Task item:
Word for word, restate the listing that follows and leave out the images.

Available data:
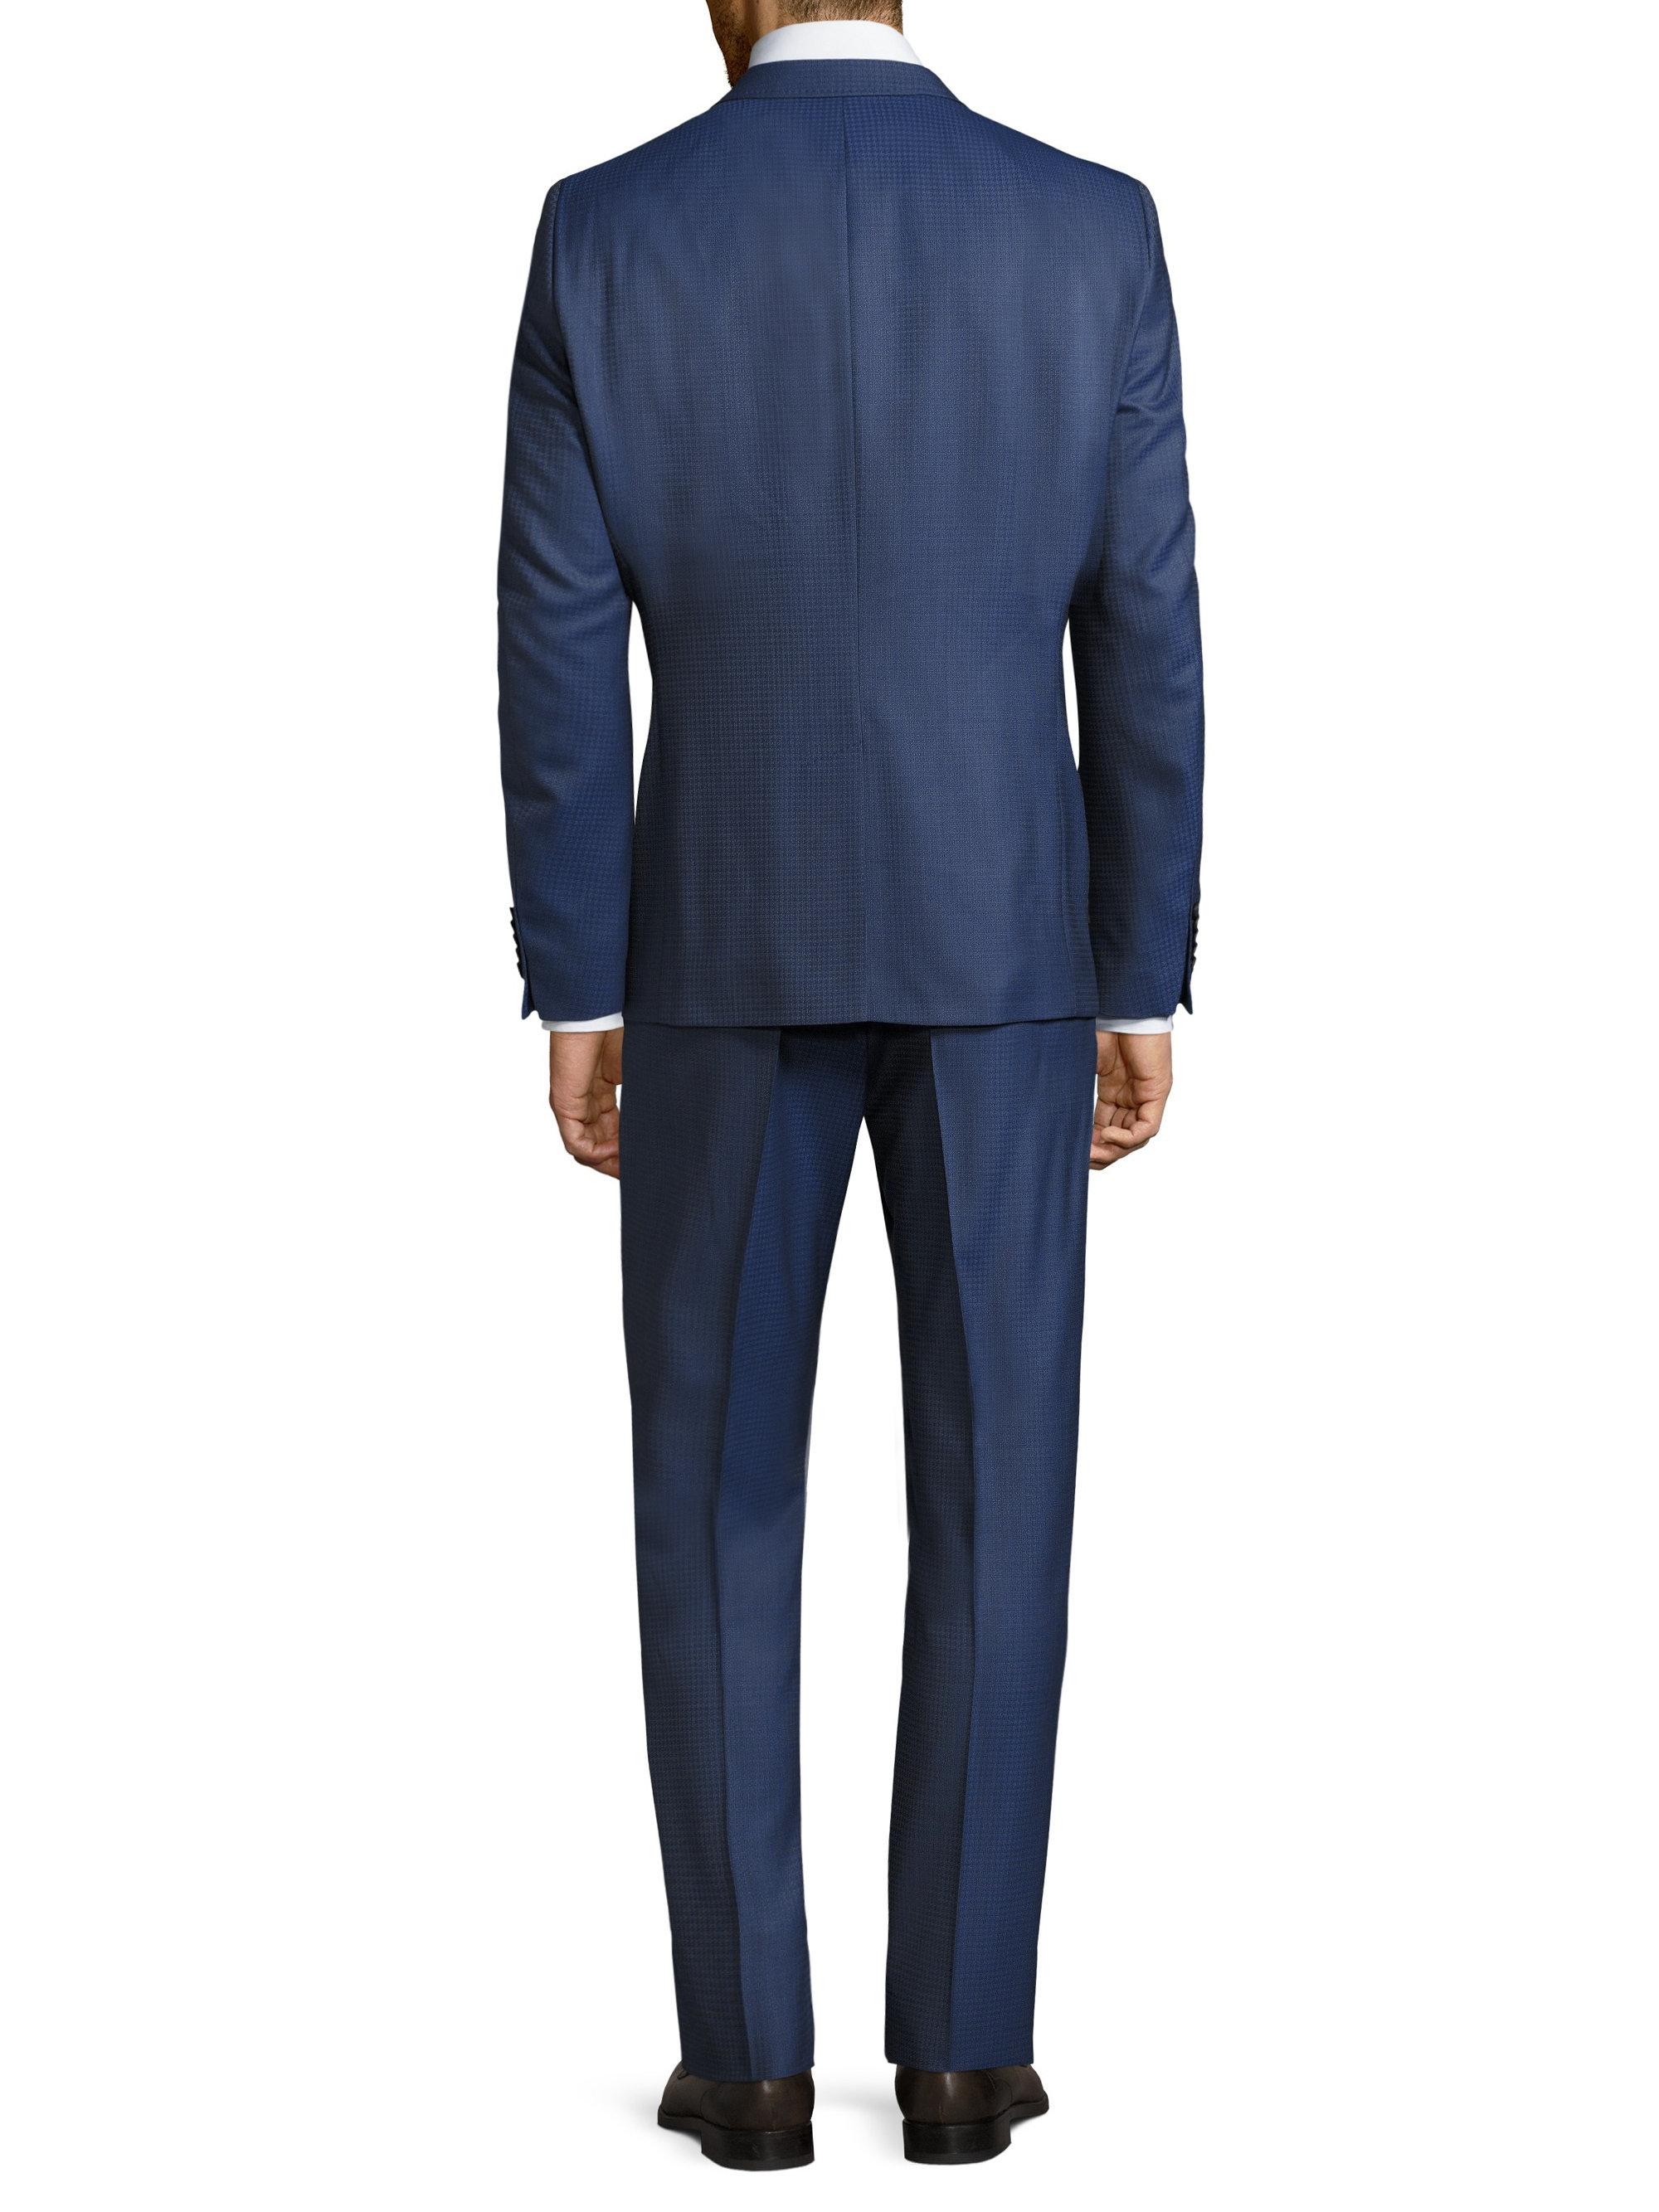 Lyst - Strellson Houndstooth Two-button Suit in Blue for Men
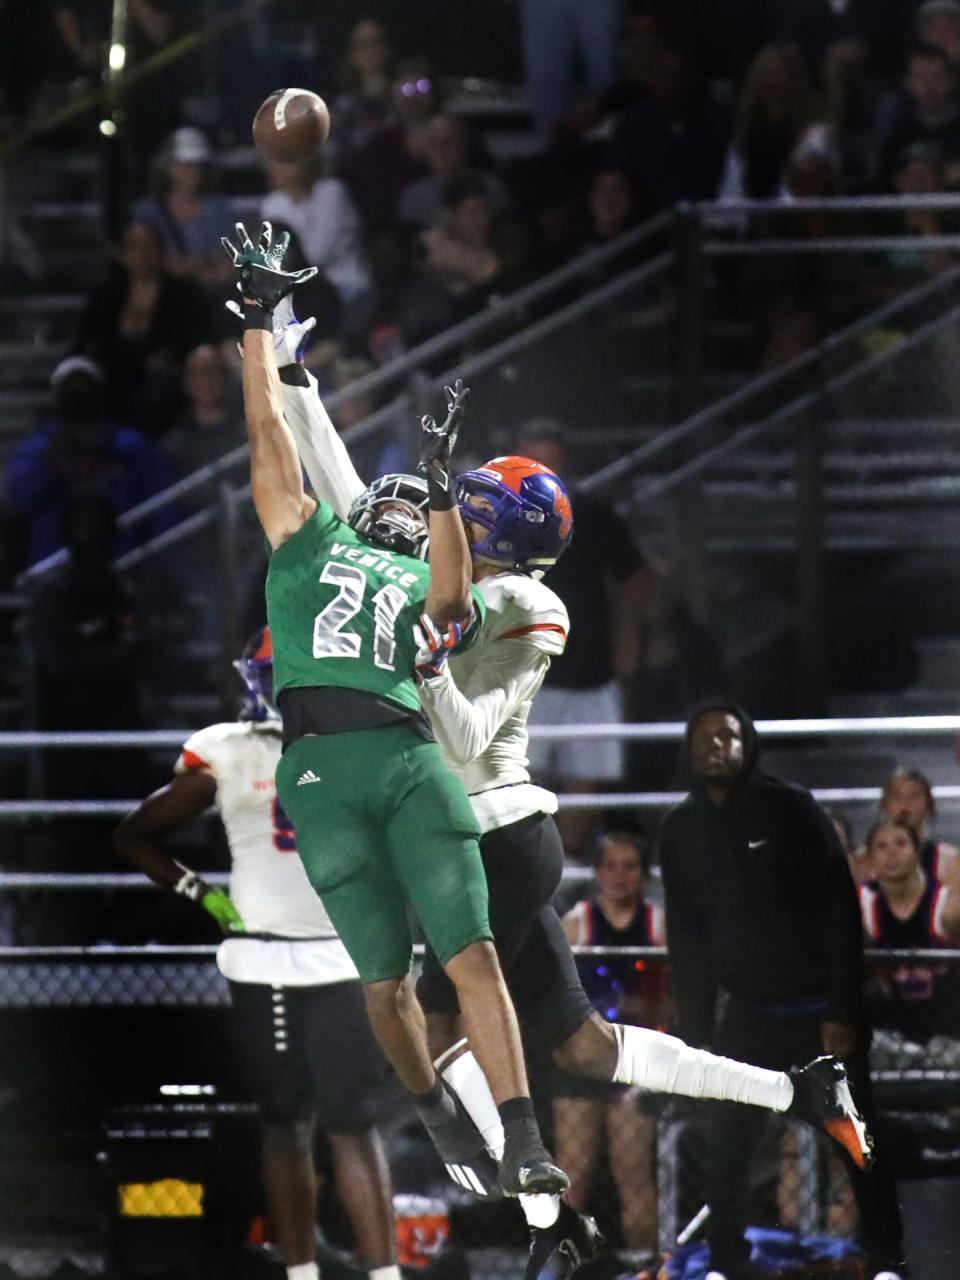 Venice defensive back Elliot Washington (21) reaches for the ball ahead of West Orange receiver Jayden Gibson (1) on a mid-air interception in the end zone during Class 8A-Region 3 playoff football action in Venice. MATT HOUSTON/HERALD-TRIBUNE
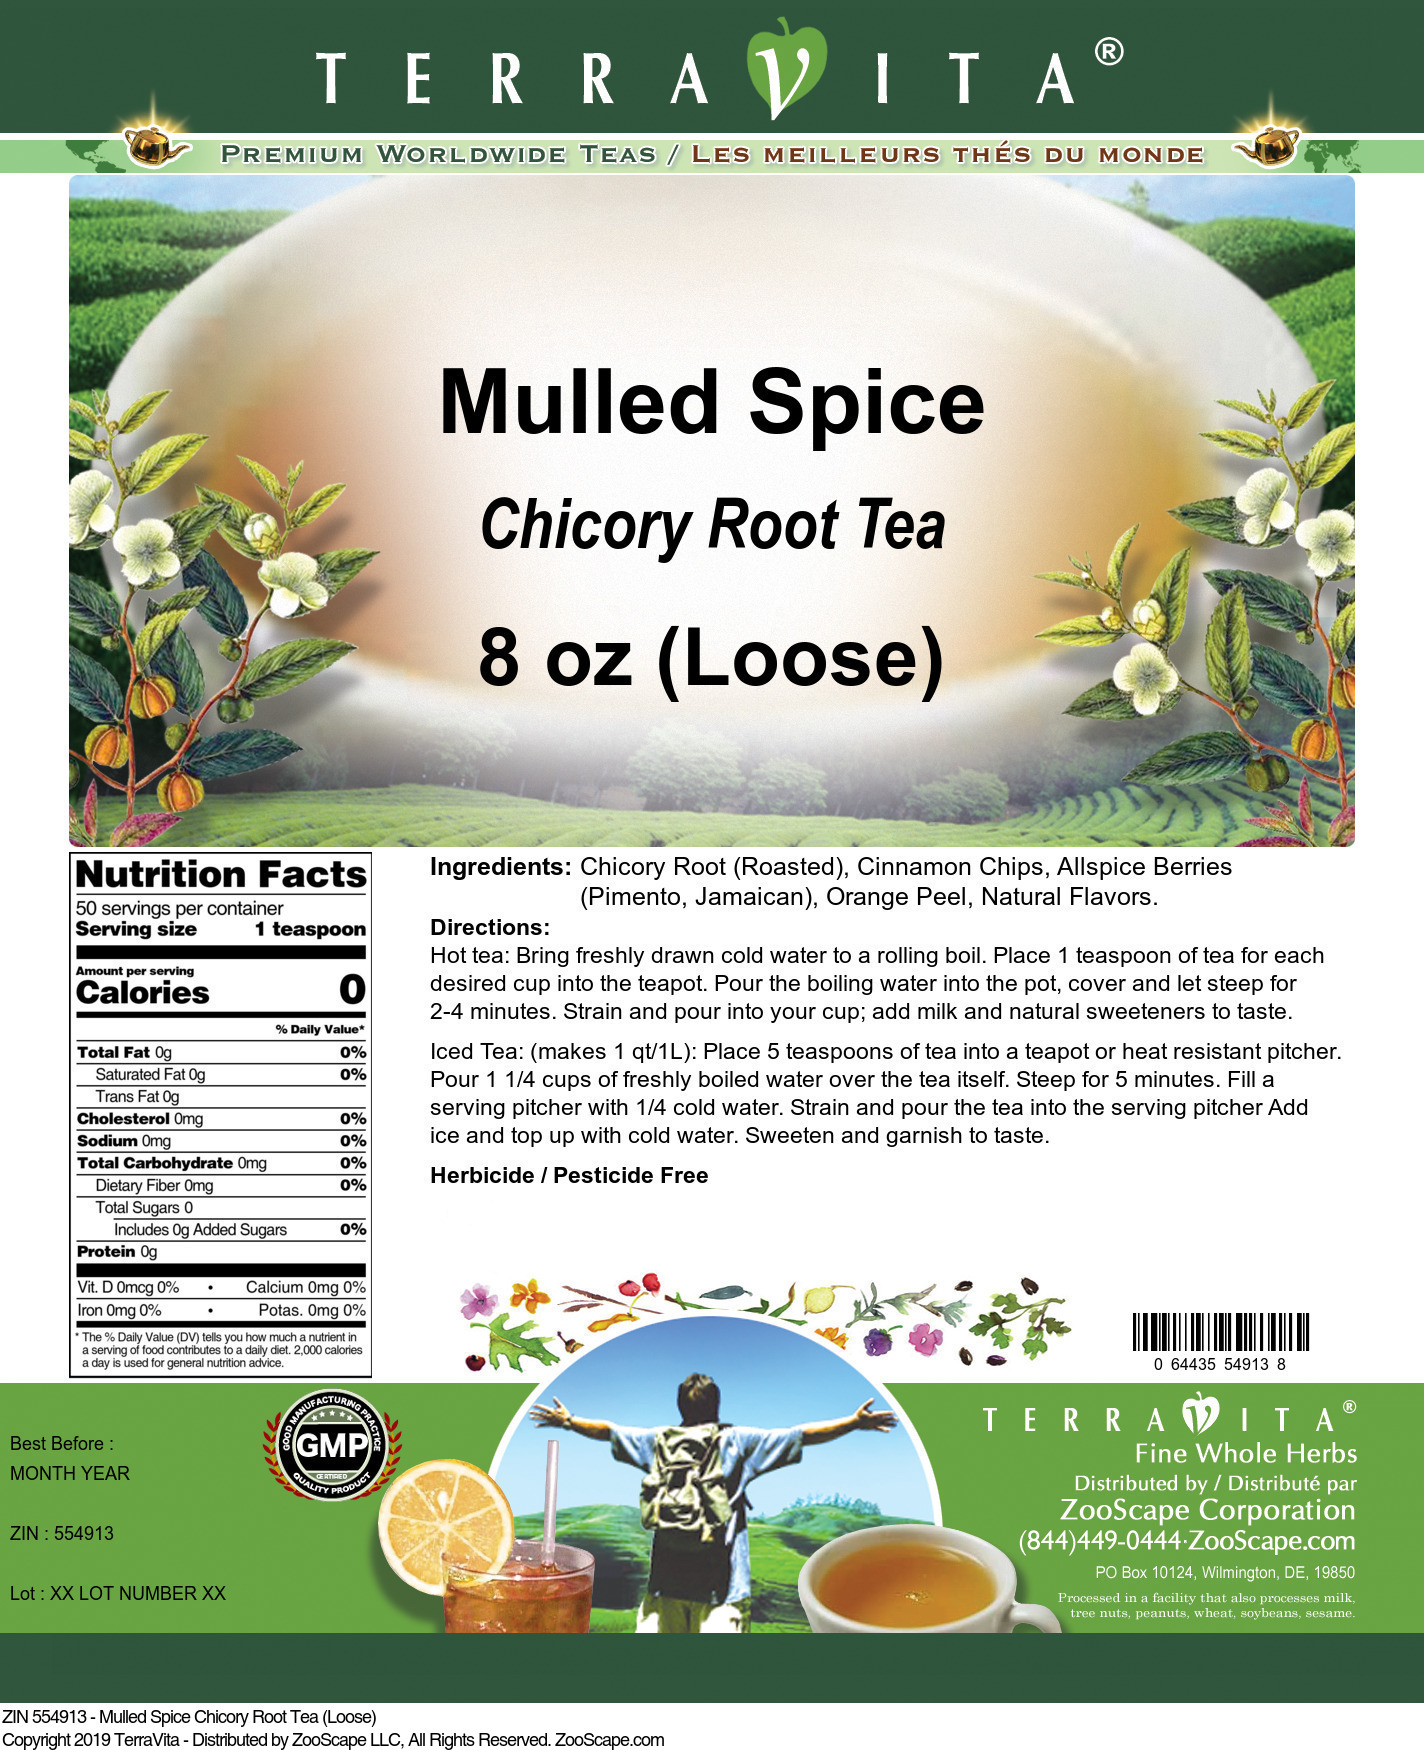 Mulled Spice Chicory Root Tea (Loose) - Label

Response to this exercise:
 Lyst - Strellson Houndstooth Two-button Suit in Blue for Men
 Venice defensive back Elliot Washington (21) reaches for the ball ahead of West Orange receiver Jayden Gibson (1) on a mid-air interception in the end zone during Class 8A-Region 3 playoff football action in Venice. MATT HOUSTON/HERALD-TRIBUNE
 Mulled Spice Chicory Root Tea (Loose) - Label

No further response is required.